*** Records for processing Section Begins ***

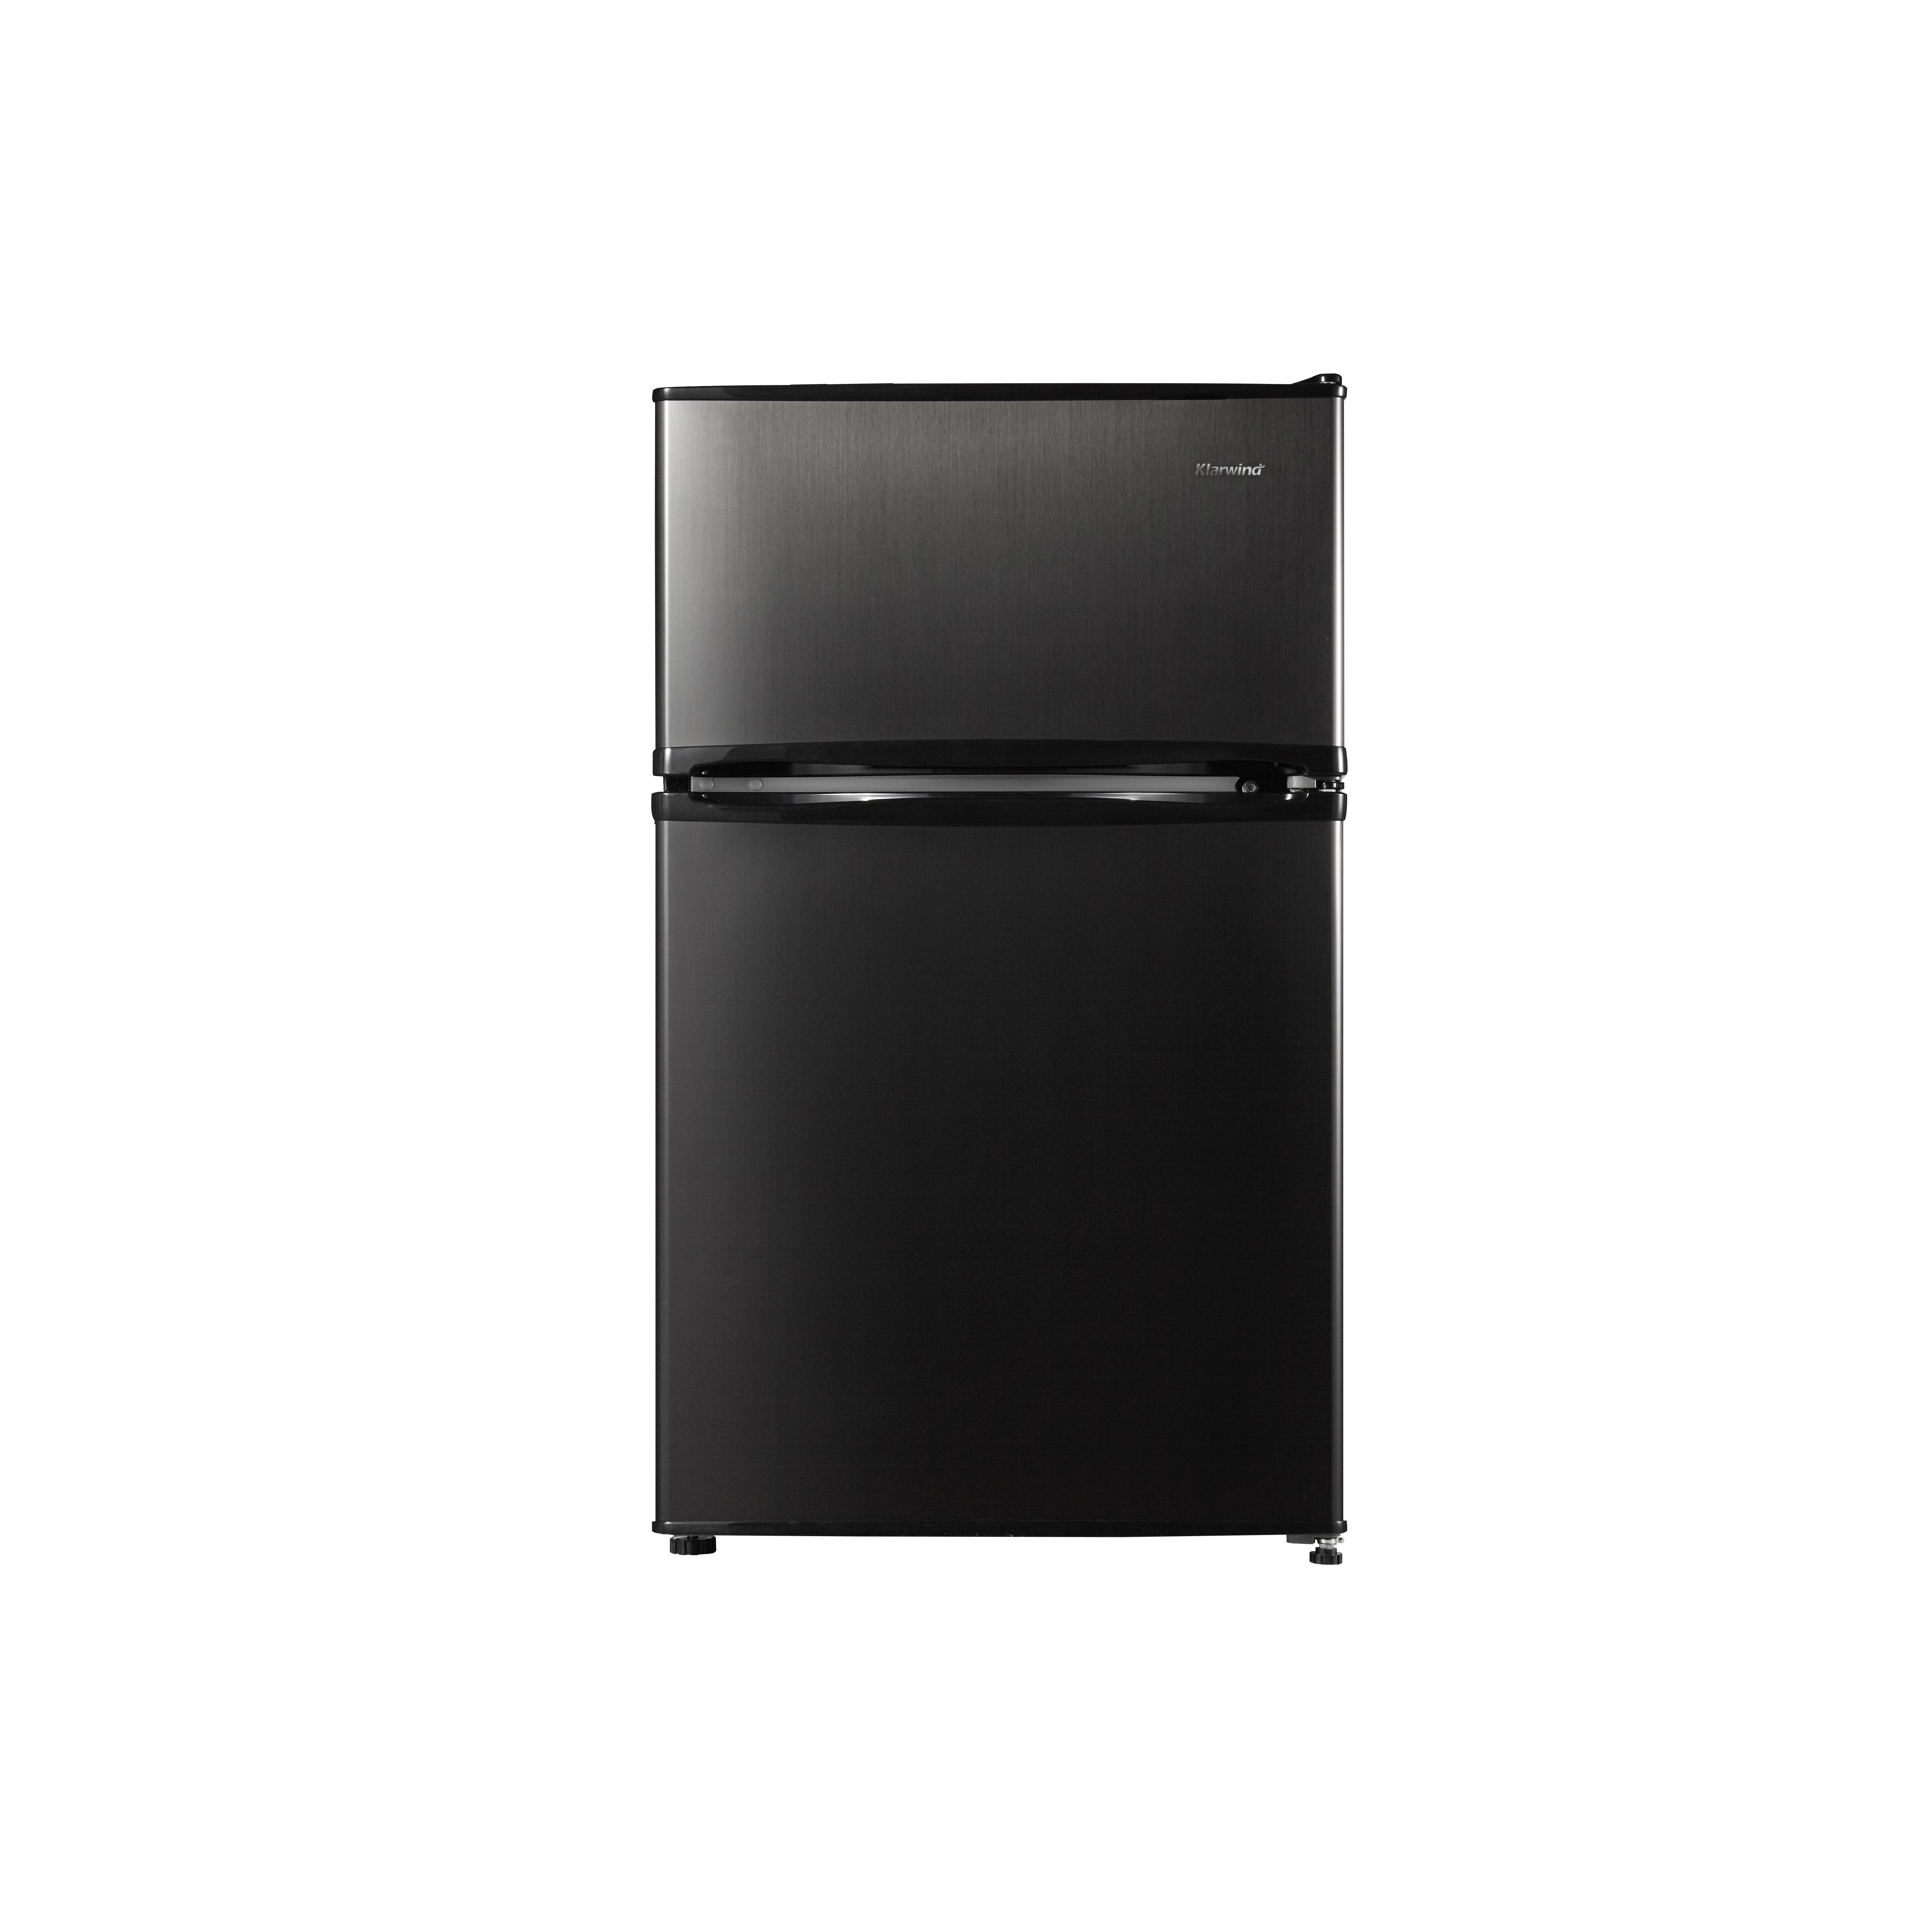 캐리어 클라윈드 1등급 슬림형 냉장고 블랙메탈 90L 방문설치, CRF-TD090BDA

*** Records for processing Section Ends ***
*** Records for processing Section Begins ***

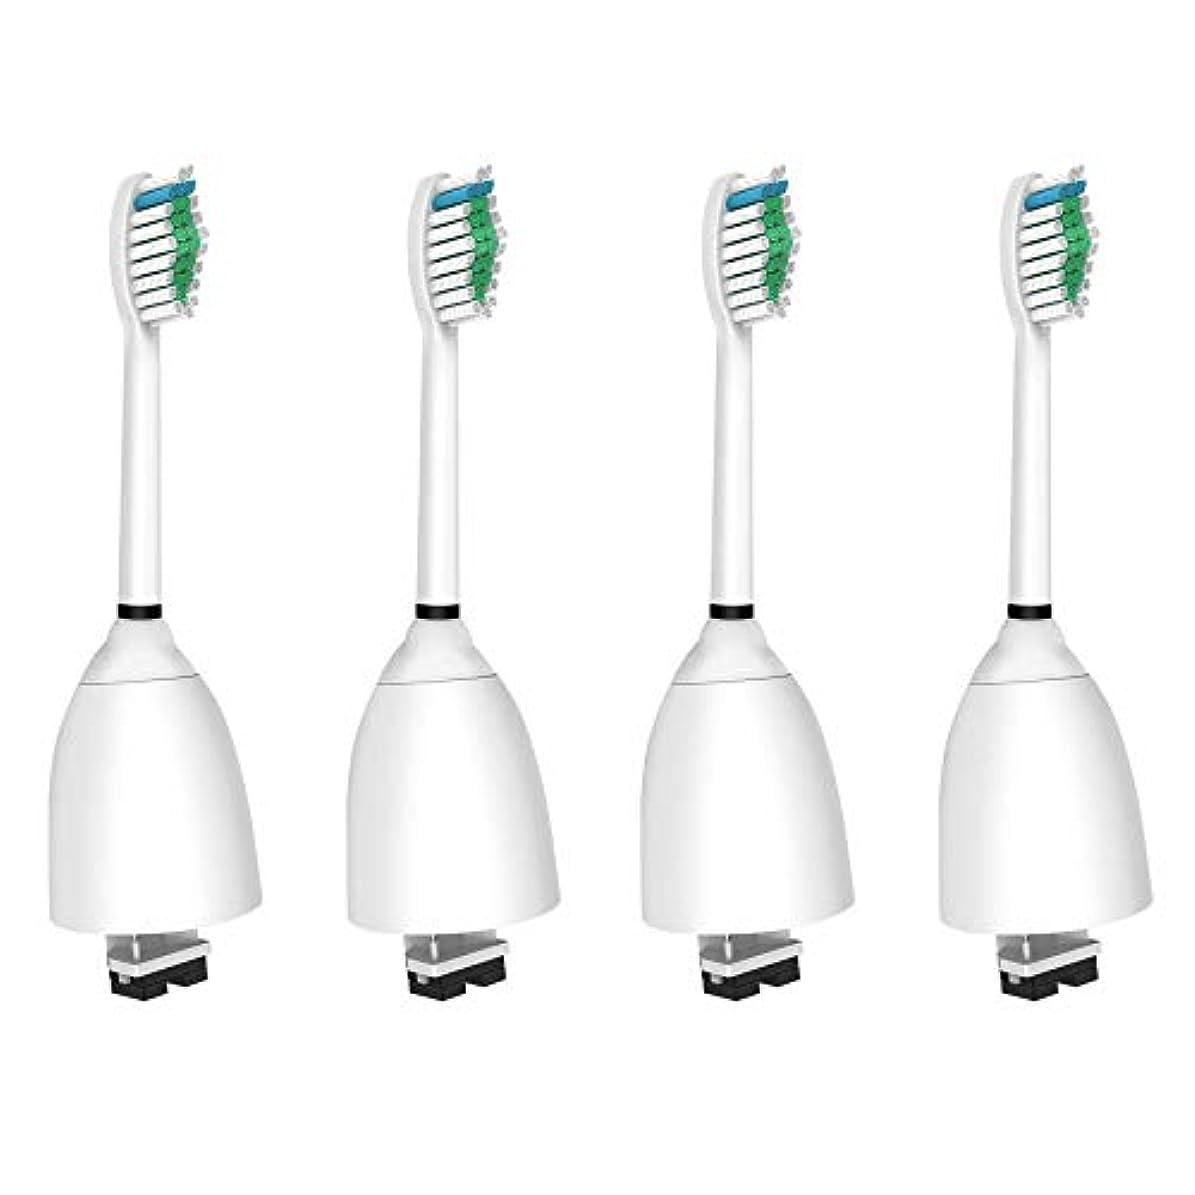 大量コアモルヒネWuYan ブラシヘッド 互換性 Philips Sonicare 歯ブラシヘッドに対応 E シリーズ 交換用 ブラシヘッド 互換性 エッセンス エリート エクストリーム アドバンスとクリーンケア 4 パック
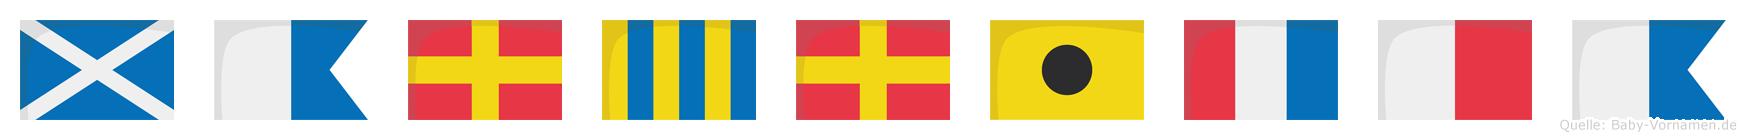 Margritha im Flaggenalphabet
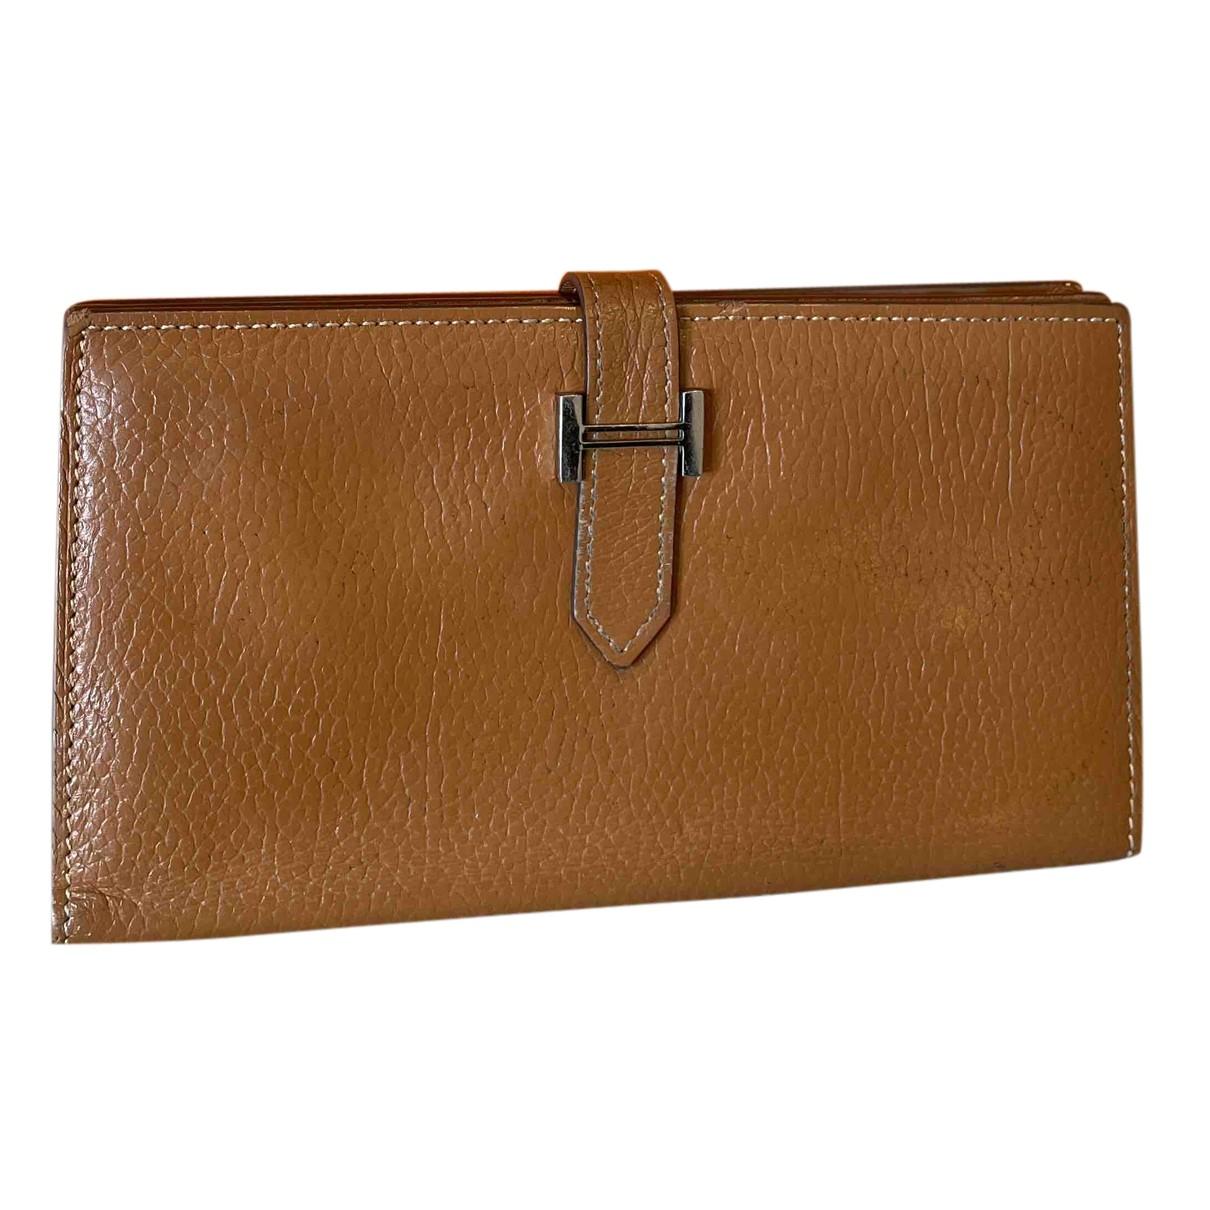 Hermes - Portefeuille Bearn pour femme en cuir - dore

*** Records for processing Section Ends ***

— Try it —
Everything from the line with "Margritha im Flaggenalphabet" through the line with "Hermes - Portefeuille" in the material above should be transcribed exactly, except the pictures.

— Task response —
 Margritha im Flaggenalphabet
 Hermes - Portefeuille Bearn pour femme en cuir - dore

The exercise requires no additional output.